Whatever Pete actually meant, #CutieGate was too much for him to handle, and now his Instagram is more empty than my brain after watching seven consecutive episodes of Real Housewives of Beverly Hills yesterday. But is there more to the story than Pete being tired of the trolls?
Obviously, Ariana Grande and Pete Davidson have been very public with their relationship up until this point. A lot of celebrities these days are ultra secretive about new relationships, but they’ve practically been begging for attention on Instagram since day one. We all love knowing everything that’s going on with these two, but maybe everyone doesn’t feel the same way. WTF do I mean by that? Yesterday, blind gossip site Crazy Days and Nights posted an item that seems to be about Ariana Grande, saying that a certain singer’s PR agency is asking her to choose between her agency and her S.O., based on some information that they don’t want to go public. Neither Ariana nor Pete’s team has confirmed the rumor, but wouldn’t this add an interesting layer to this story??

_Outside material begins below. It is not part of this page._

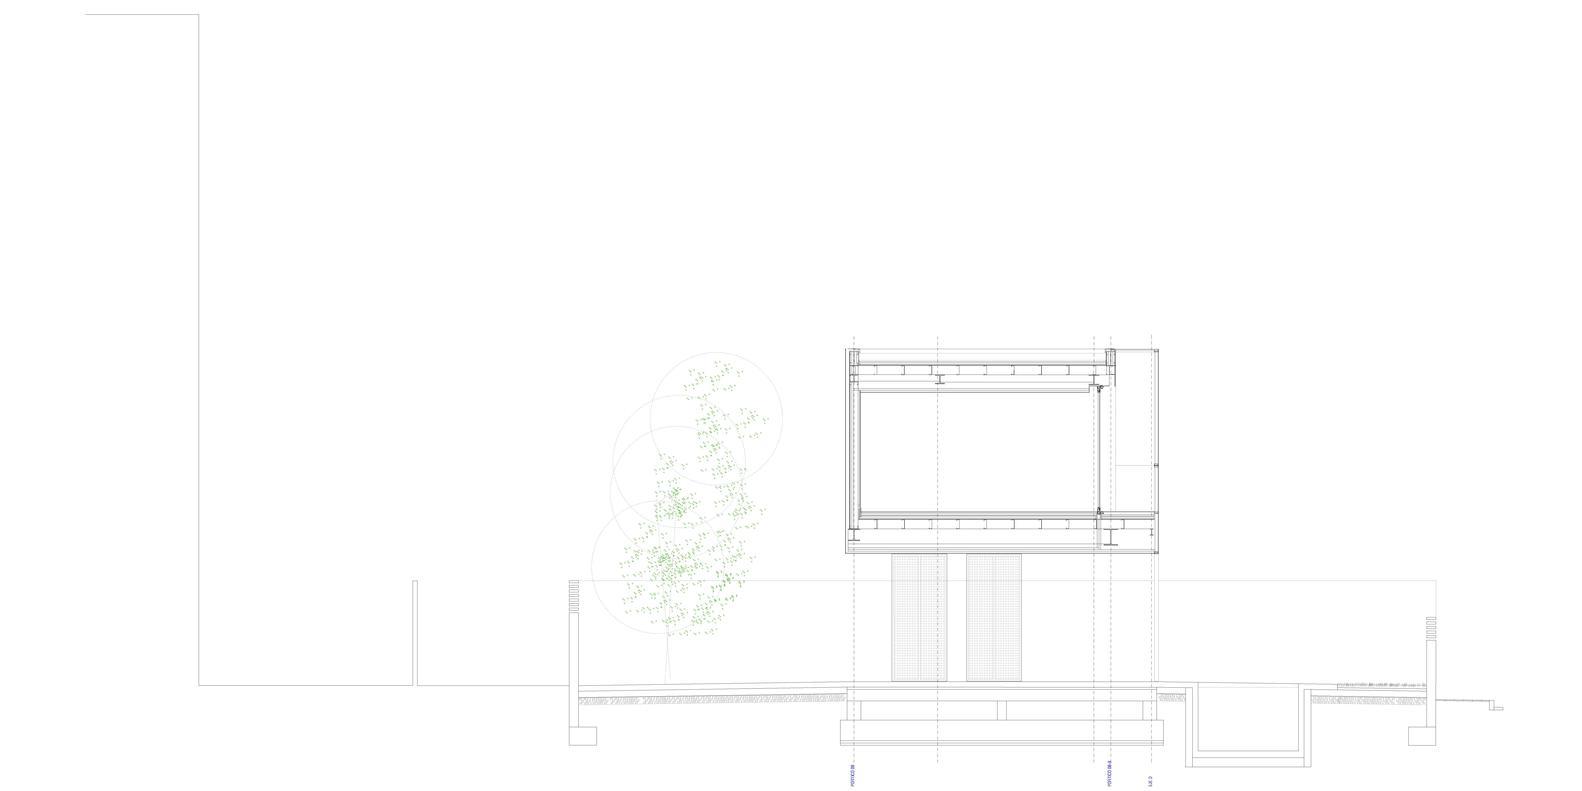 Bố trí mặt bằng - Castelldefels House - mặt cắt - 4
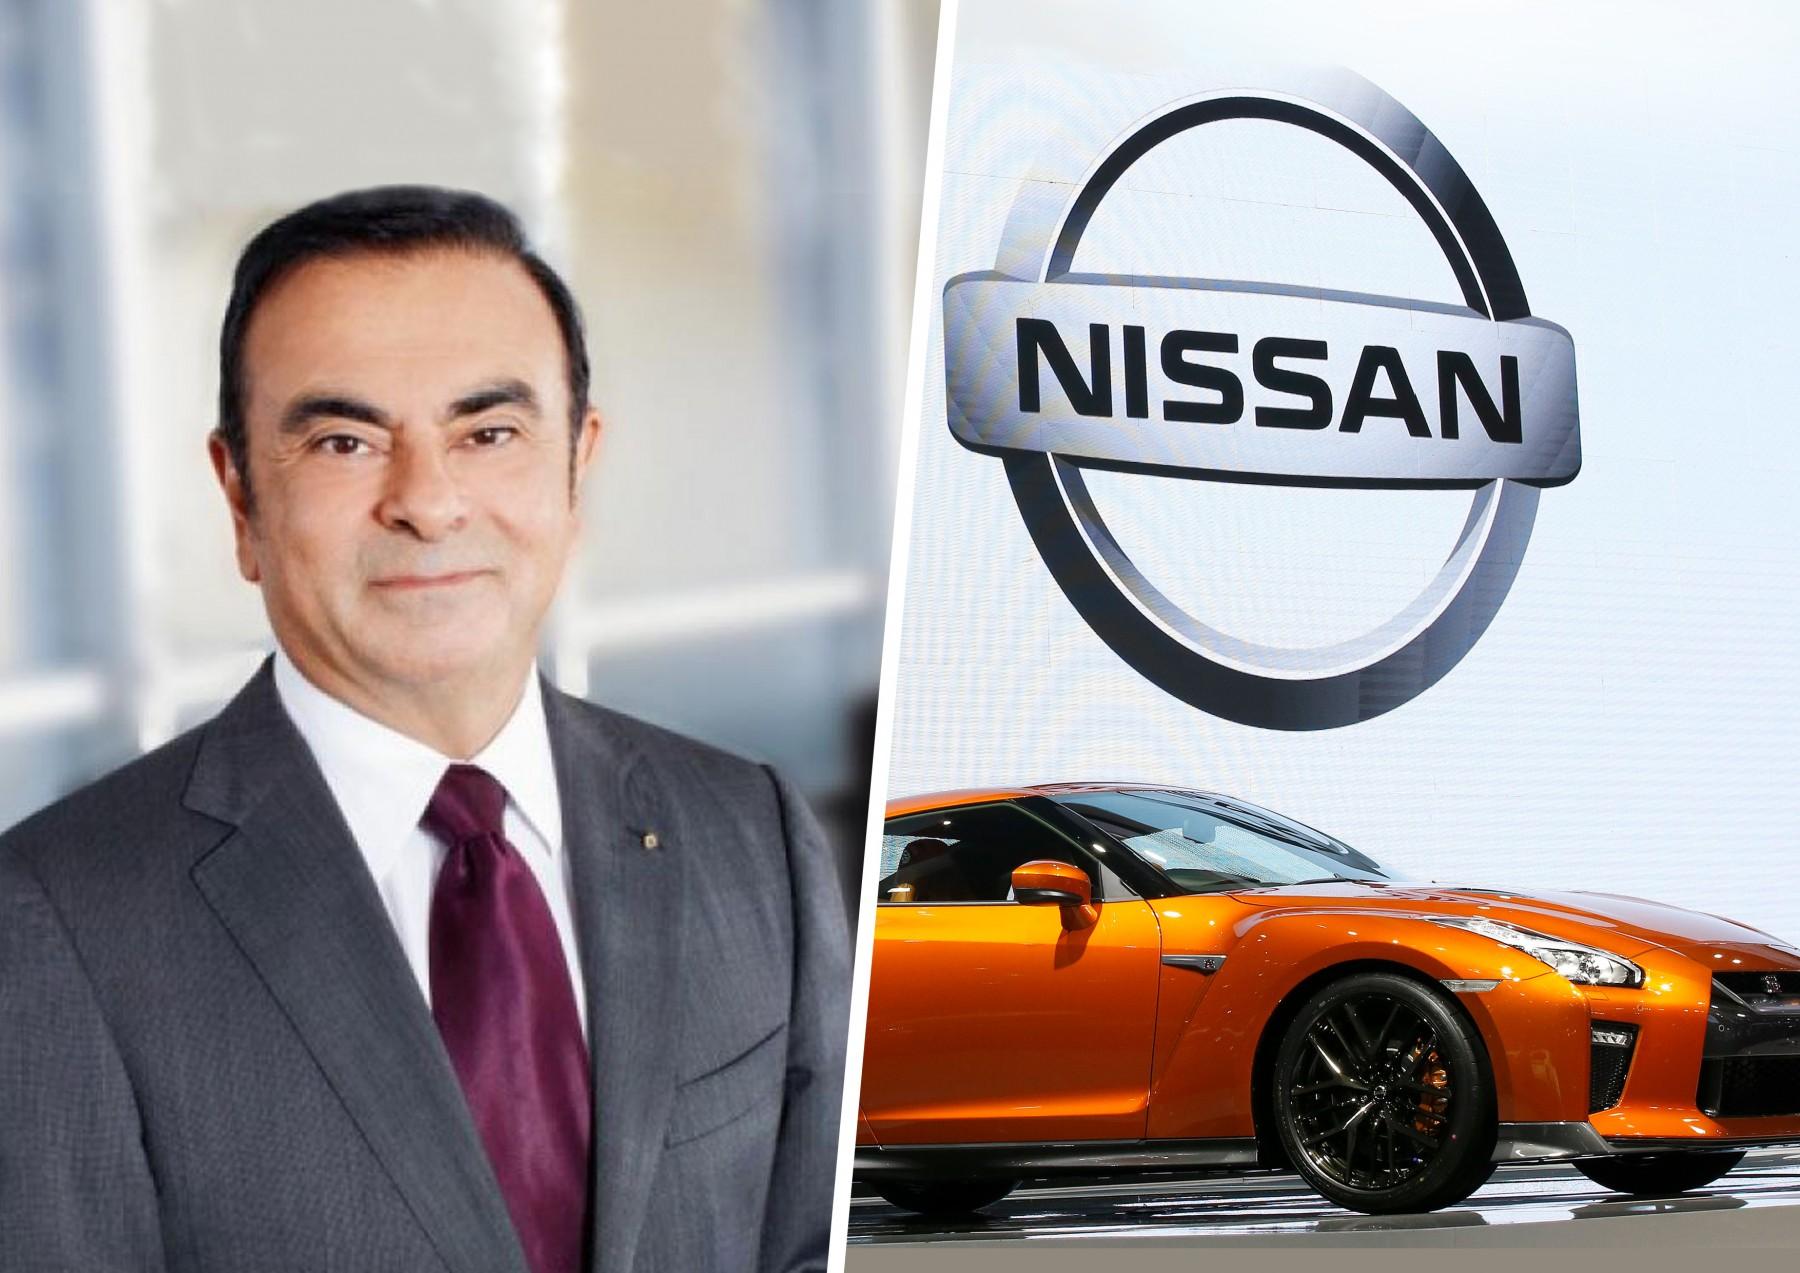 Συνελήφθη στην Ιαπωνία ο επικεφαλής της Nissan

More than likely, Pete truly just needs a break from the social media onslaught, but this couple has put us through too much craziness this summer not to wonder what’s going on. Ariana still has an upcoming album to promote, so her Instagram page probably isn’t going anywhere. Unless she pulls a Taylor Swift. Ugh, please no. Ariana has now turned off her comments, which is a major downer, but will she keep posting pictures of her and Pete? You better believe I’ll be watching with a magnifying glass, because I truly cannot get enough.